Student volunteers get extensive training prior to working directly with clients. Those interested have to take a semester-long class to become versed in areas such as outreach, intersectionality, how to interact with unhoused people, how to sign people up for social services. and more.
Volunteers then get to pick from three different clinics: General, Women’s, or Youth and LGBTQ+.
The General Clinic is the most popular among visiting residents, while Women’s and Youth/LQBTQ+ have more specialized services for attendees.
The Women’s Clinic has many of the similar services to General, but also includes nail painting, childcare, and massages.
The Youth and LGBTQ+ Clinic offers a safe space for young people navigating living on the streets, with services that include housing referrals, wellness and recreation classes and employment resources.
Golchini explained that it’s important for them to keep these clinics separate because the different demographics experience poverty and homelessness differently than those who visit the General Clinic.
“We’re able to provide spaces where people can come in and feel safe and not feel like they’re constantly worried that something’s going to happen to them,” she said.
An outreach team also visits encampments every other Saturday in the Berkeley area to provide hygiene kits and encourage people to visit the in-person clinic, if possible.

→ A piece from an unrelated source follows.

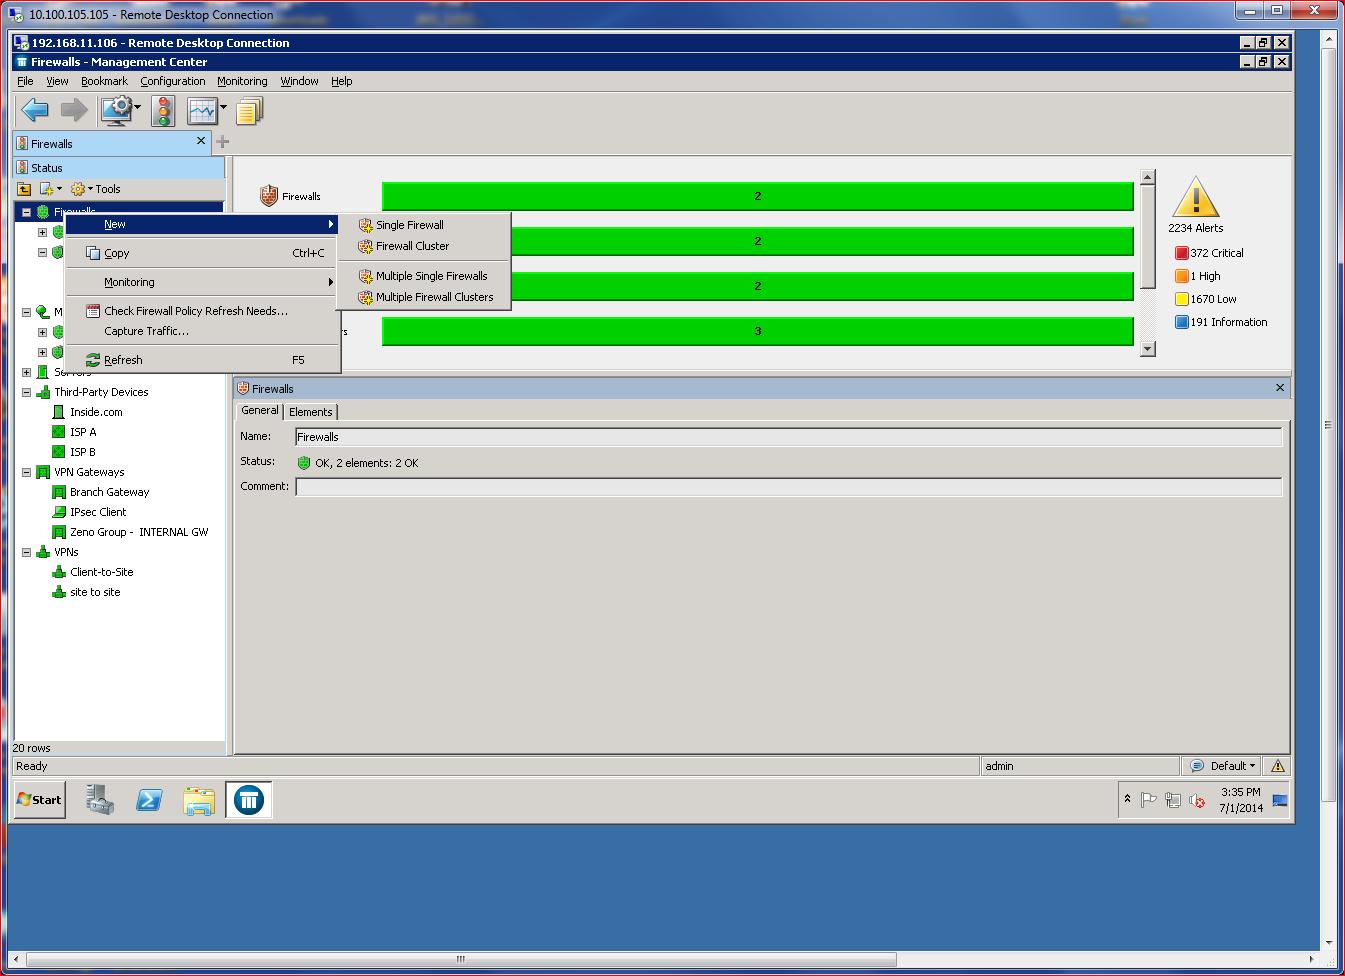 McAfee NGFW SMC - Add Firewall

However, Golchini said engagement has been low for some time now due to a recent decision by the U.S. Supreme Court that allows cities to ban and cite people for sleeping on the streets.
She said a lot of their clientele got displaced to other cities over time, making it difficult to stay in contact with the services the Clinic was providing for them.
But that hasn’t slowed down the students at the Clinic, if anything, it has pushed them to do more for the community they serve.